Propensity score matching resulted in 65 patients in each group. Preoperative characteristics, operative time, and the number of arterial revascularizations and distal anastomoses did not differ significantly between the groups. However, more graft conduits were used in the right internal thoracic artery-radial artery group. Short-term postoperative outcomes were similar, except for a significantly higher early extubation rate in the right internal thoracic artery-radial artery group. During a median follow-up of 5.0 years, overall survival did not differ significantly between the groups.
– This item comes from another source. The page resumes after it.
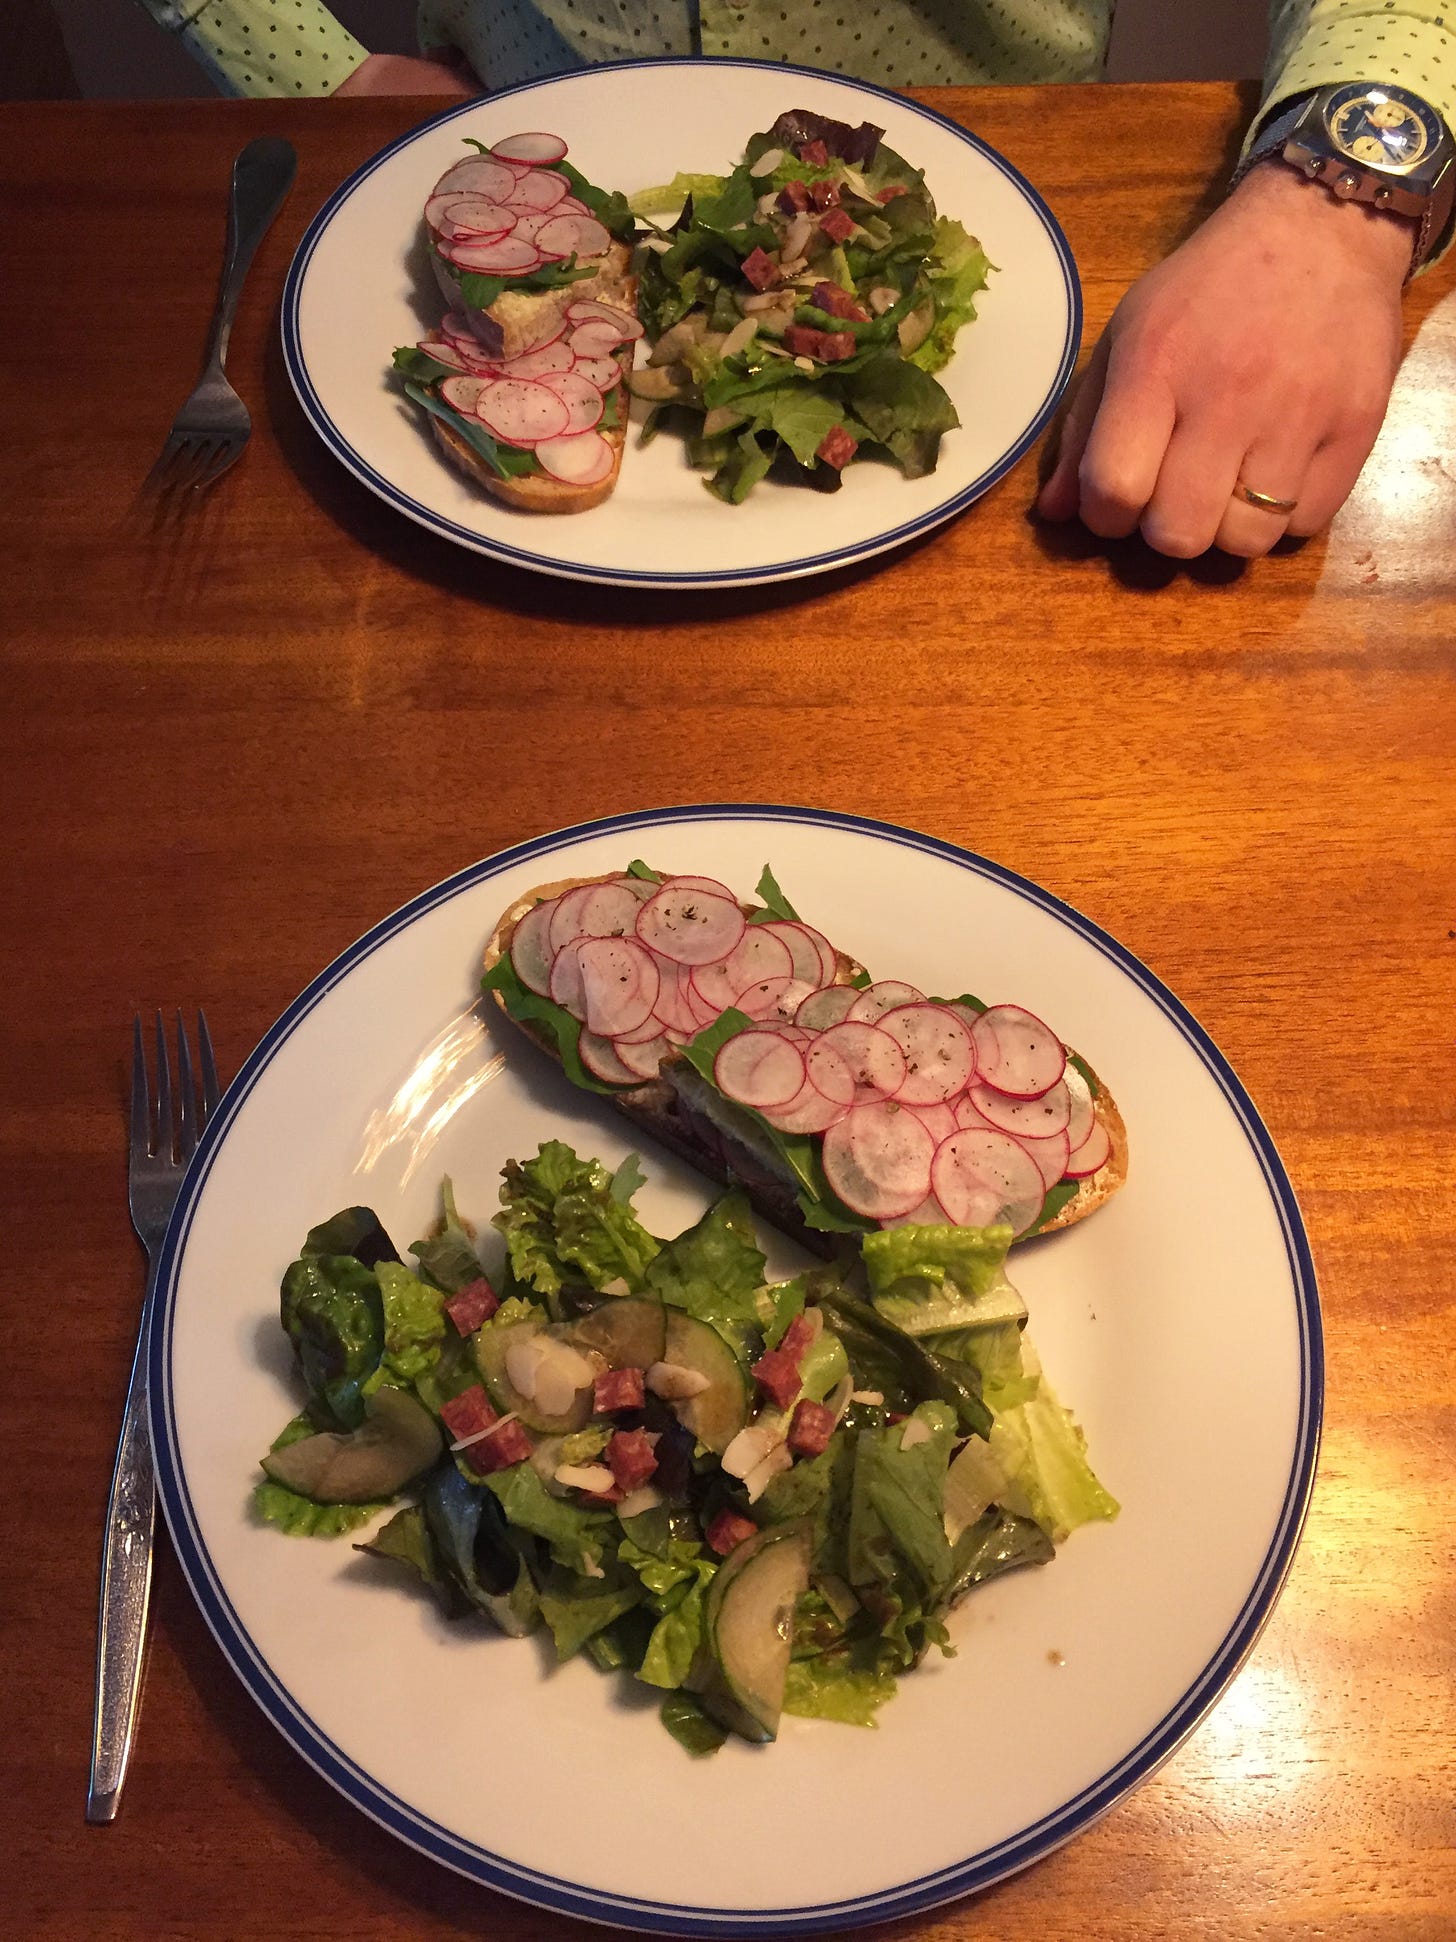 Two plates across from each other on a table, each with two halves of an open-faced sandwich and a large portion of salad. The sandwiches have leaves of arugula beneath piles of very thinly sliced radishes.

However, the gastroepiploic artery group had a significantly lower long-term freedom from major adverse cardiac and cerebrovascular events, particularly heart failure requiring hospitalization. Multivariate analysis identified a history of peripheral arterial disease as a significant risk factor for overall mortality, whereas the type of right coronary artery graft was not.

Conclusions

Using the gastroepiploic artery as a direct conduit for severe right coronary artery stenosis appears to be a promising option when selecting an arterial graft, particularly in improving major adverse cardiac or cerebrovascular events-free survival.
非体外循环冠状动脉搭桥术中严重右冠状动脉狭窄的原位胃网膜动脉与i -复合右胸内动脉桡动脉对比
目的比较右胸内动脉和桡动脉与胃网膜动脉组成的i型复合冠状动脉旁路移植术在非体外循环治疗严重右冠状动脉狭窄中的应用。方法本研究纳入2011年4月至2024年6月分别行右胸内动脉-桡动脉和胃网膜动脉非体外循环冠状动脉搭桥术的患者78例和141例。进行倾向评分匹配,术后门诊随访。结果两组均有65例患者进行倾向评分匹配。术前特征、手术时间、动脉血管重建和远端吻合次数在两组间无显著差异。而右胸内动脉-桡动脉组使用的移植物导管较多。短期术后结果相似,但右侧胸内动脉-桡动脉组早期拔管率明显较高。在中位随访5.0年期间,两组间的总生存率无显著差异。然而,胃网膜动脉组的主要心脏和脑血管不良事件的长期自由度明显较低,特别是需要住院治疗的心力衰竭。多变量分析确定外周动脉疾病史是总死亡率的重要危险因素,而右冠状动脉移植类型不是。结论在选择动脉移植时,使用胃网膜动脉作为严重右冠状动脉狭窄的直接导管似乎是一个有希望的选择,特别是在改善无主要不良心脑血管事件的生存方面。
本文章由计算机程序翻译,如有差异,请以英文原文为准。